Fiquei em silêncio por um segundo. A informação bateu no meu peito como um peso morto.
— A família do Steven precisa da sua família para não ir à falência — Dean continuou, a voz baixando para um sussurro conspiratório. — O Steven precisava dessa garotinha meiga, que vive em um dos maiores circuitos das famílias ricas do Rio. Para mostrar à imprensa e aos acionistas que ele é um cara centrado, maduro, pronto para assumir a presidência. Você não é um refúgio para ele, Kath. Você é uma estratégia de imagem.
— Você está mentindo — disse, mas a minha própria voz soou vacilante. Minha mente começou a me pregar peças. — Testa ele — Dean sugeriu, dando um passo para o lado e desobstruindo a passagem do corredor. — Volta lá para a mesa e diz que você quer ir embora agora, que não quer mais se envolver na vida dele. Veja como o "príncipe encantado" reage quando a peça dele ameaçar querer sair do tabuleiro.
Antes que eu pudesse responder, o som de passos pesados ecoou no início do corredor.
— Sai de perto dela, Dean. — A voz do Steven cortou o ar como uma lâmina. Ele apareceu com os punhos fechados, a postura rígida e os olhos faiscando de uma raiva contida que eu nunca tinha visto nele.
Dean nem se abalou. Apenas ajeitou as mangas do sobretudo e sorriu para o Steven com um deboche elegante.
— Relaxa. Só estava tendo uma conversa amigável com a Katherine. Coisa que você parece não saber fazer sem envolver um batalhão de advogados.
— O nosso assunto é outro, e você sabe disso — Steven avançou até ficar a poucos centímetros de mim, colocando-se estrategicamente entre mim e o Dean.
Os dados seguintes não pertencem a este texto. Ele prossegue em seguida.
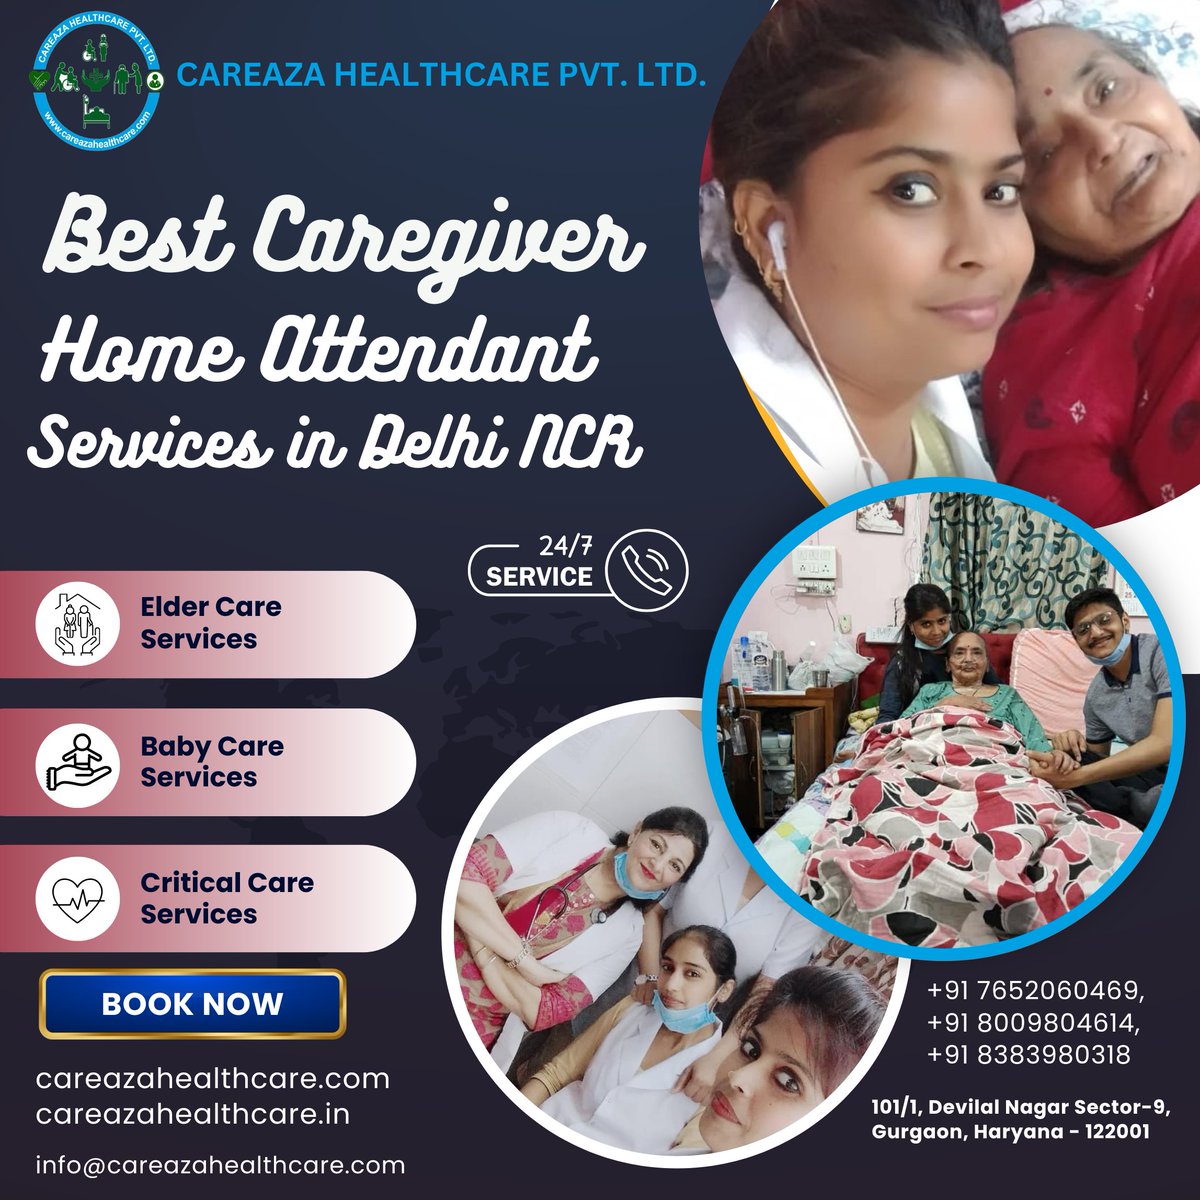 If you are looking for Home Attendant Service Near You, so should have to connect with Careaza Healthcare first. 
#HomeHealthcare, #nursingservices, #nursingbureau, #homecare, #Baby, #BabyCare,  #HomeCare, #Healthcare, #NursingCare, #ElderCare, #CriticalCare, #CareazaHealthcare

O calor do corpo dele era intenso, mas o ar entre nós dois estava congelado. — Sai daqui antes que eu resolva isso de um jeito que os dois vão ficar manchados nessa cidade. Será que isso vai deixar seu pai feliz?
— Não precisa se alterar — Dean piscou para mim por cima do ombro de Steven. — A gente se vê em breve, Katherine. Afinal, nossa conversa ainda não acabou totalmente.
Ele deu as costas e sumiu, deixando para trás um silêncio sufocante.
Fiquei encarando as costas de Steven. O peito dele subia e descia rápido. Quando ele se virou para mim, a preocupação em seu rosto parecia real — mas agora, depois do que Dean disse, eu já não sabia mais o que era atuação e o que era verdade.
— Ele te tocou? Te disse alguma coisa? — Steven segurou meus ombros, me analisando da cabeça aos pés.
— Ele me disse que a sua empresa está em crise — soltei de uma vez, sem desviar o olhar do dele. — E que você está me usando para parecer o filho perfeito para os acionistas.
Os dedos de Steven nos meus ombros congelaram por uma fração de segundo. Ele fechou os olhos, soltando um suspiro pesado e doloroso, como se aquelas palavras tivessem sido um golpe físico.
Quando abriu os olhos novamente, havia um medo genuíno e transparente que fez meu coração dar uma volta no peito.
— Ele é um... — a voz do Steven saiu rouca, trêmula de raiva e mágoa. Ele aproximou o rosto do meu, segurando minhas mãos com uma delicadeza quase súplice. — Kath, me escuta. Olhe nos meus olhos, por favor.
Eu tentei desviar o olhar, a cabeça fervendo com as palavras venenosas do Dean, mas o calor das mãos do Steven e o tremor sutil em seus dedos me prenderam ali.
— A minha família está passando por momentos difíceis, sim. Houve pressões, conselhos de acionistas, conversas sobre imagem... meu pai me cobrou mais decência— ele admitiu, sem esconder a verdade, o que só deixou sua vulnerabilidade mais evidente. — Mas eu juro, pela minha vida, que nada disso tem a ver com o que eu sinto por você! Eu não te procurei por causa de empresa, de imprensa ou de conselho nenhum.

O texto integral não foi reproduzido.